::: Records shown

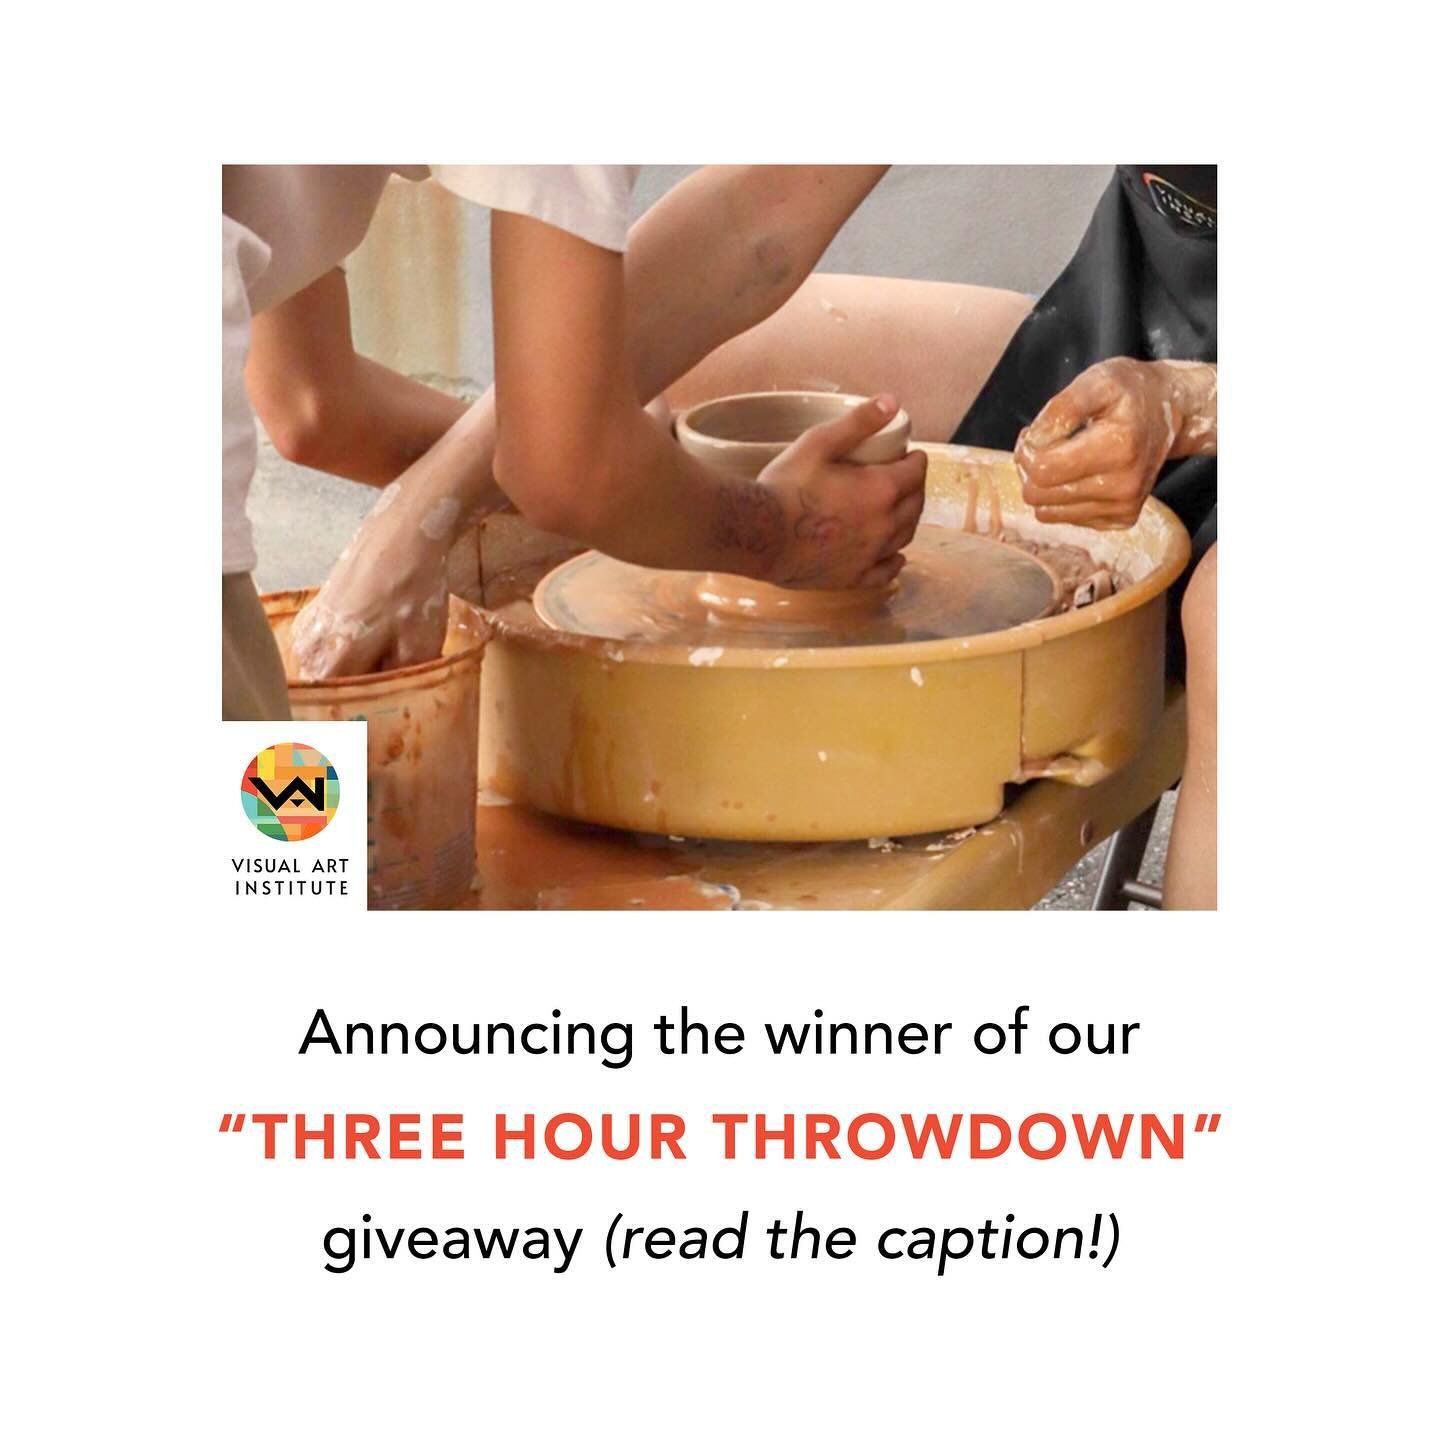 Announcing our &ldquo;THREE HOUR THROWDOWN&rdquo; winner:

JENIFER OGZEWALLA! 🙌

We&rsquo;re so excited for you! You are going to absolutely love your ceramics class! We will contact you via email with more details ✨

Thanks so much to everyone who 
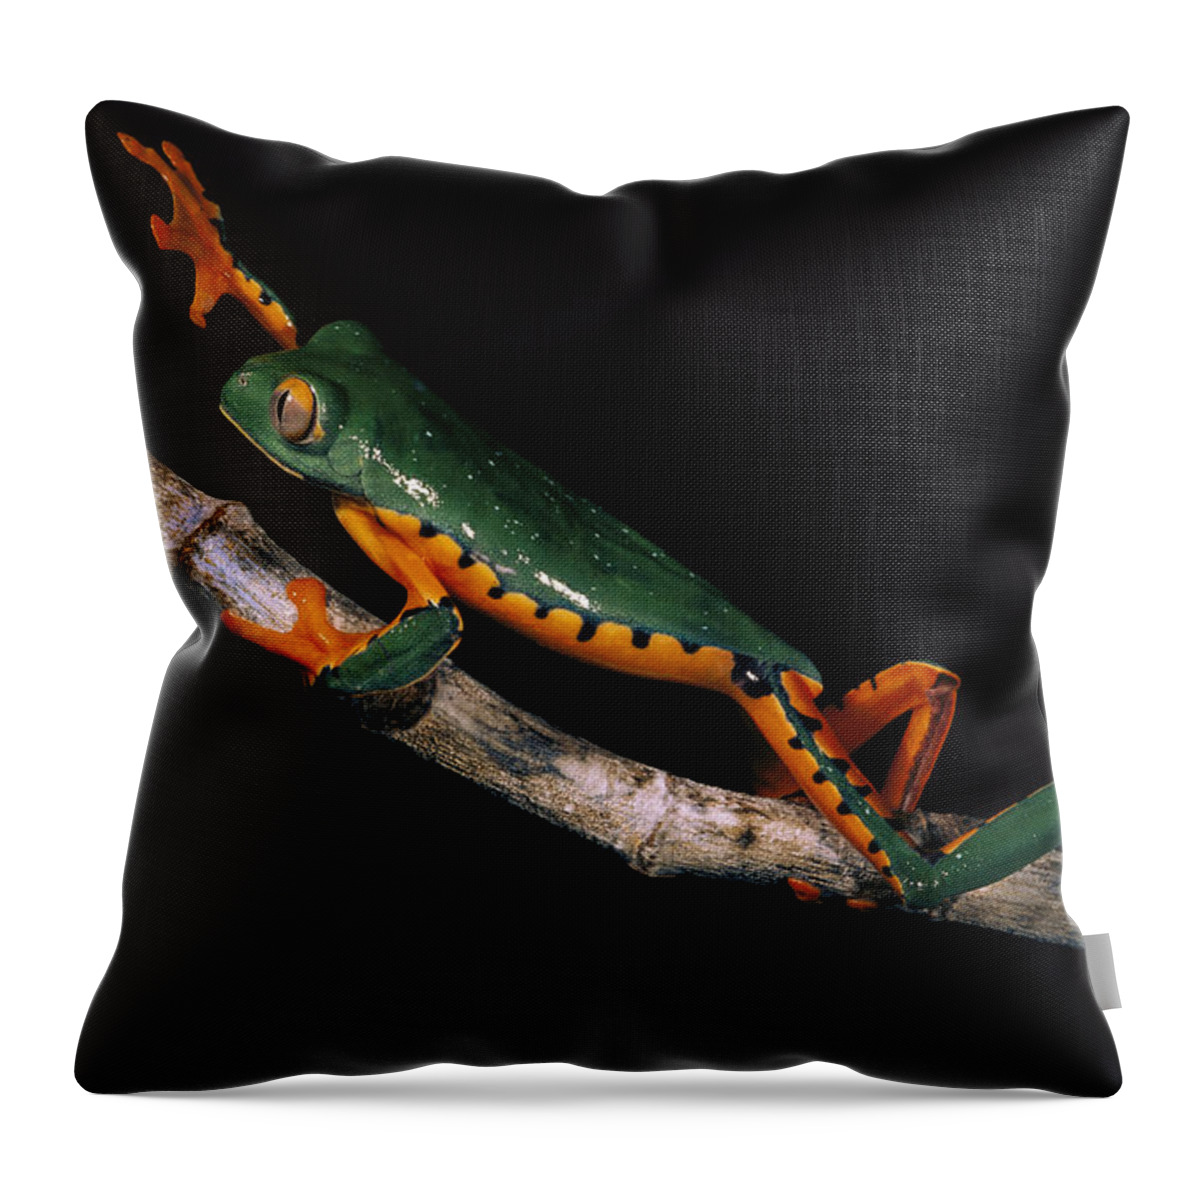 00217037 Throw Pillow featuring the photograph Splendid Leaf Frog Ecuador #2 by Pete Oxford
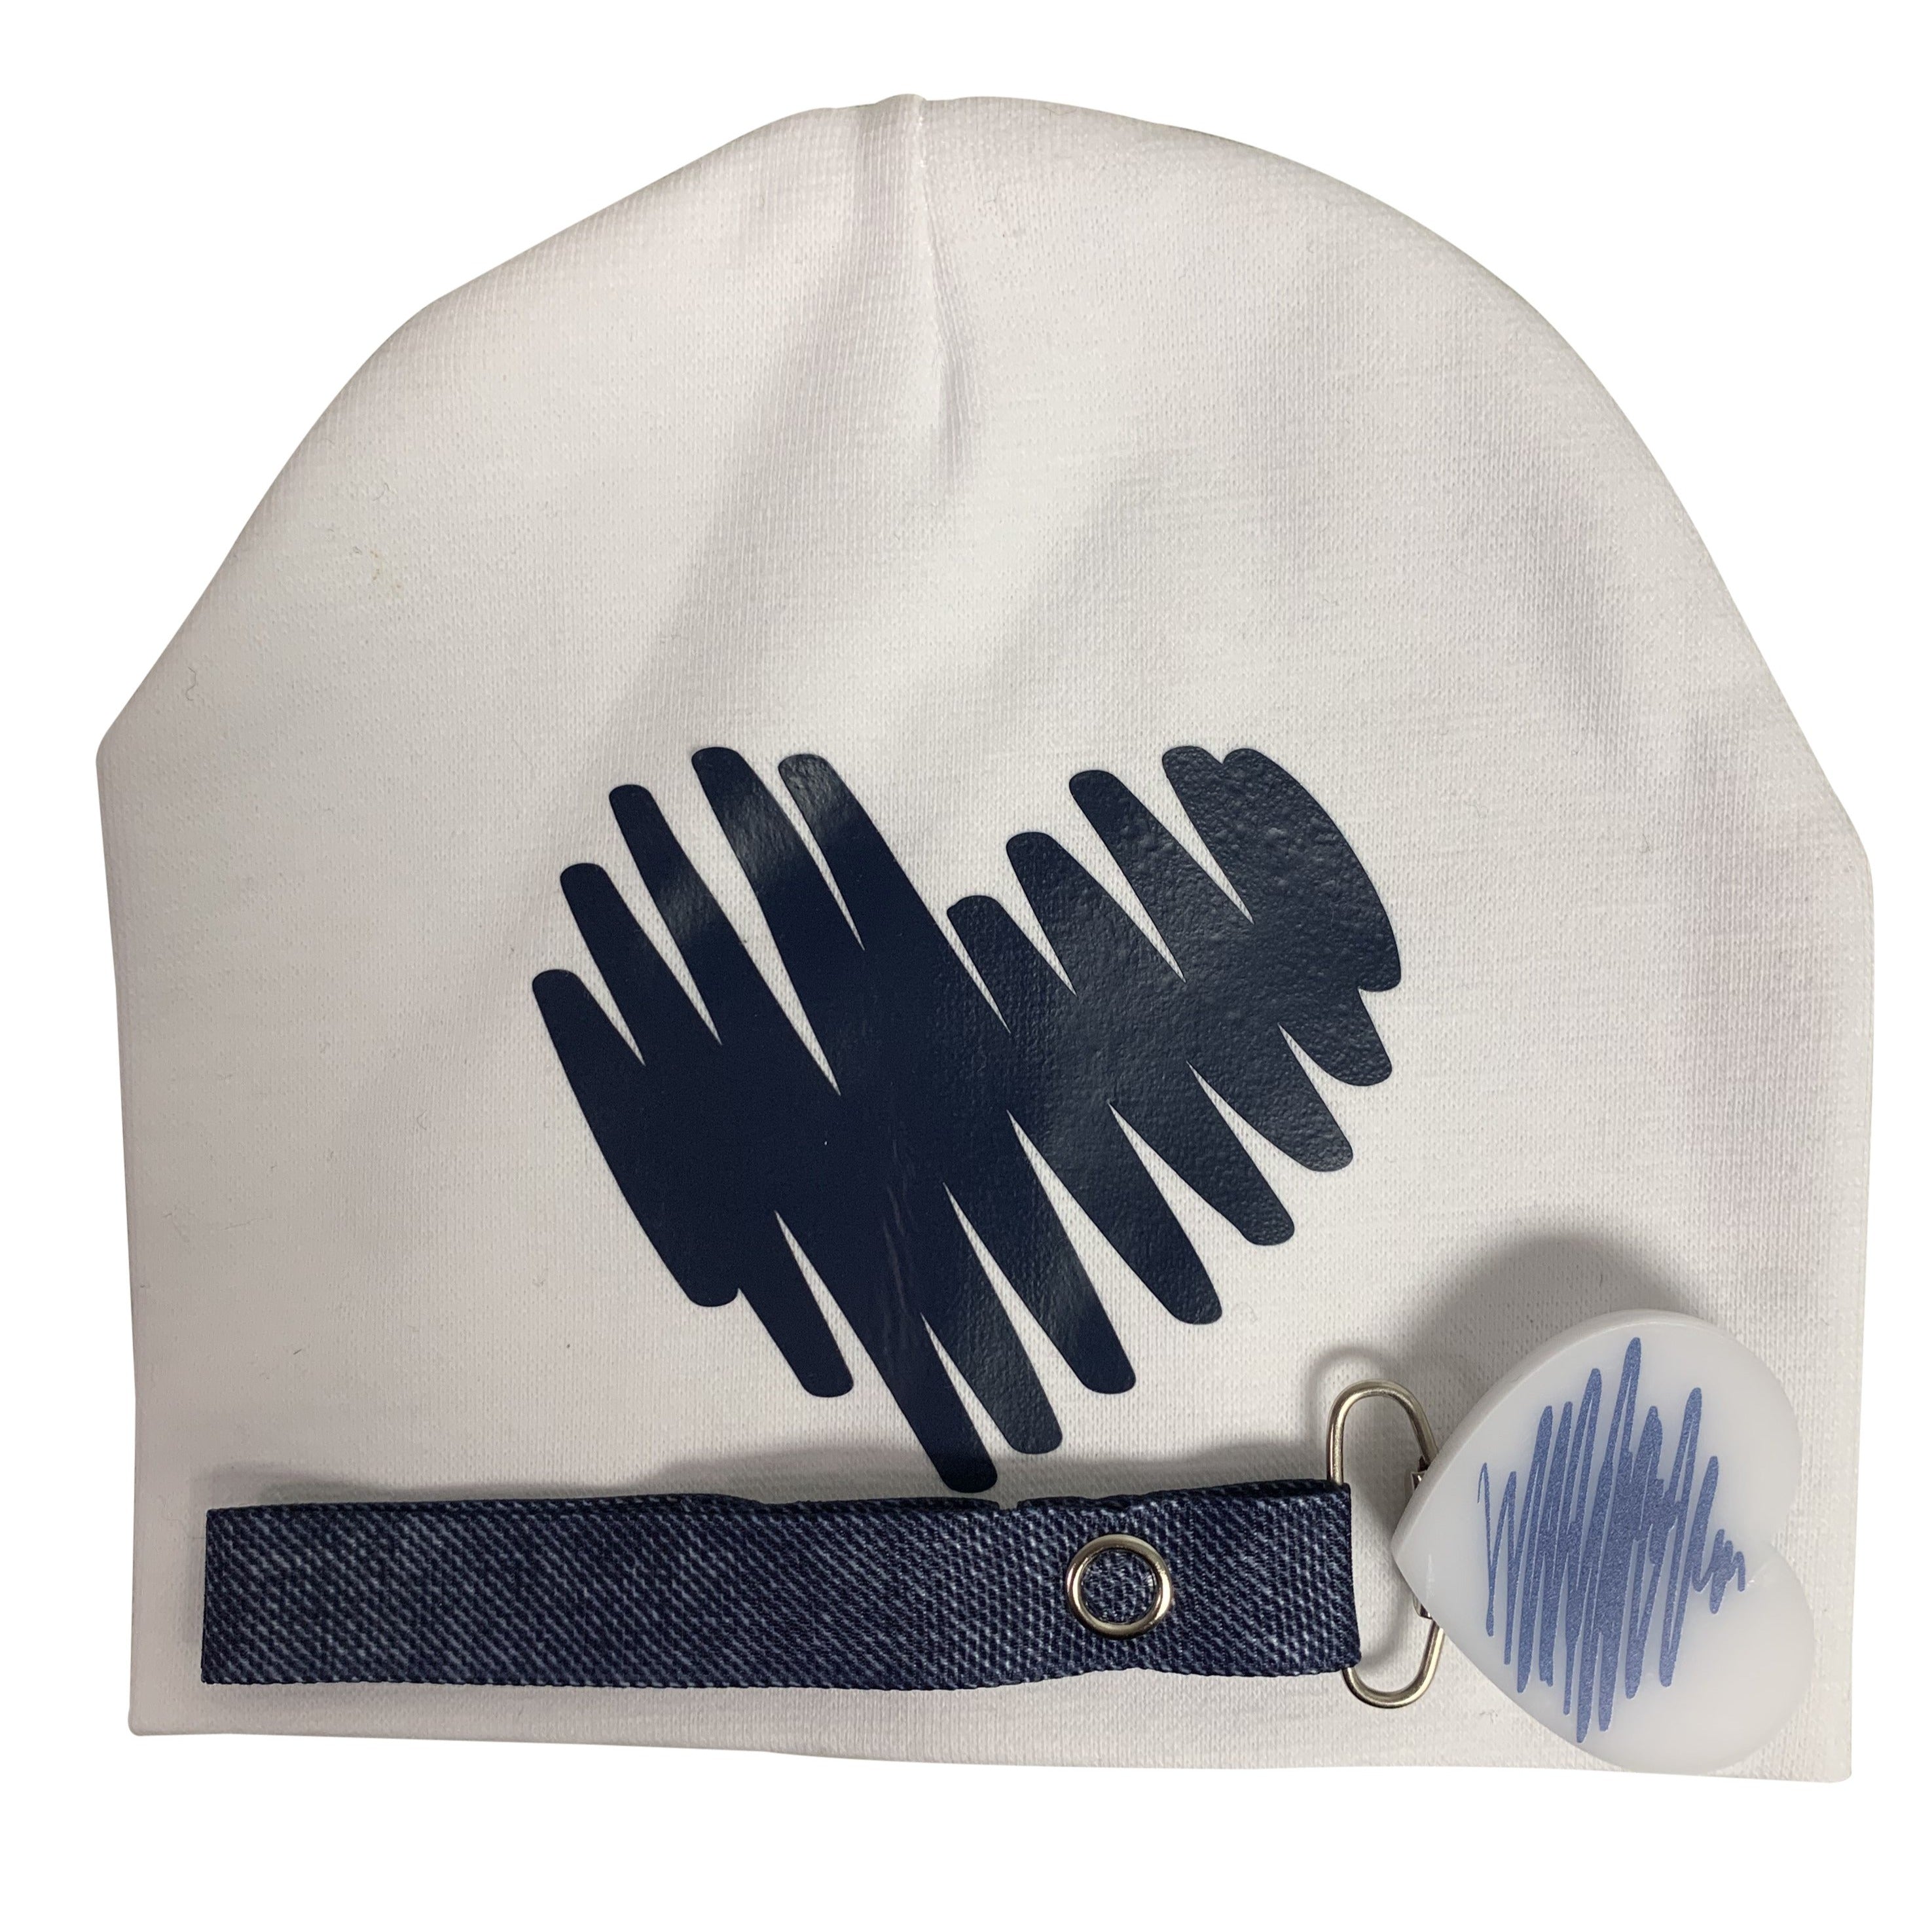 White with navy Doodle heart hat and clip GIFT SET

::::::

- **Directions for this task**
The expected answer is the complete set of entries, copied verbatim, with no pictures.

- **Written solution**
 Announcing our &ldquo;THREE HOUR THROWDOWN&rdquo; winner:

JENIFER OGZEWALLA! 🙌

We&rsquo;re so excited for you! You are going to absolutely love your ceramics class! We will contact you via email with more details ✨

Thanks so much to everyone who 
 00217037 Throw Pillow featuring the photograph Splendid Leaf Frog Ecuador #2 by Pete Oxford
 White with navy Doodle heart hat and clip GIFT SET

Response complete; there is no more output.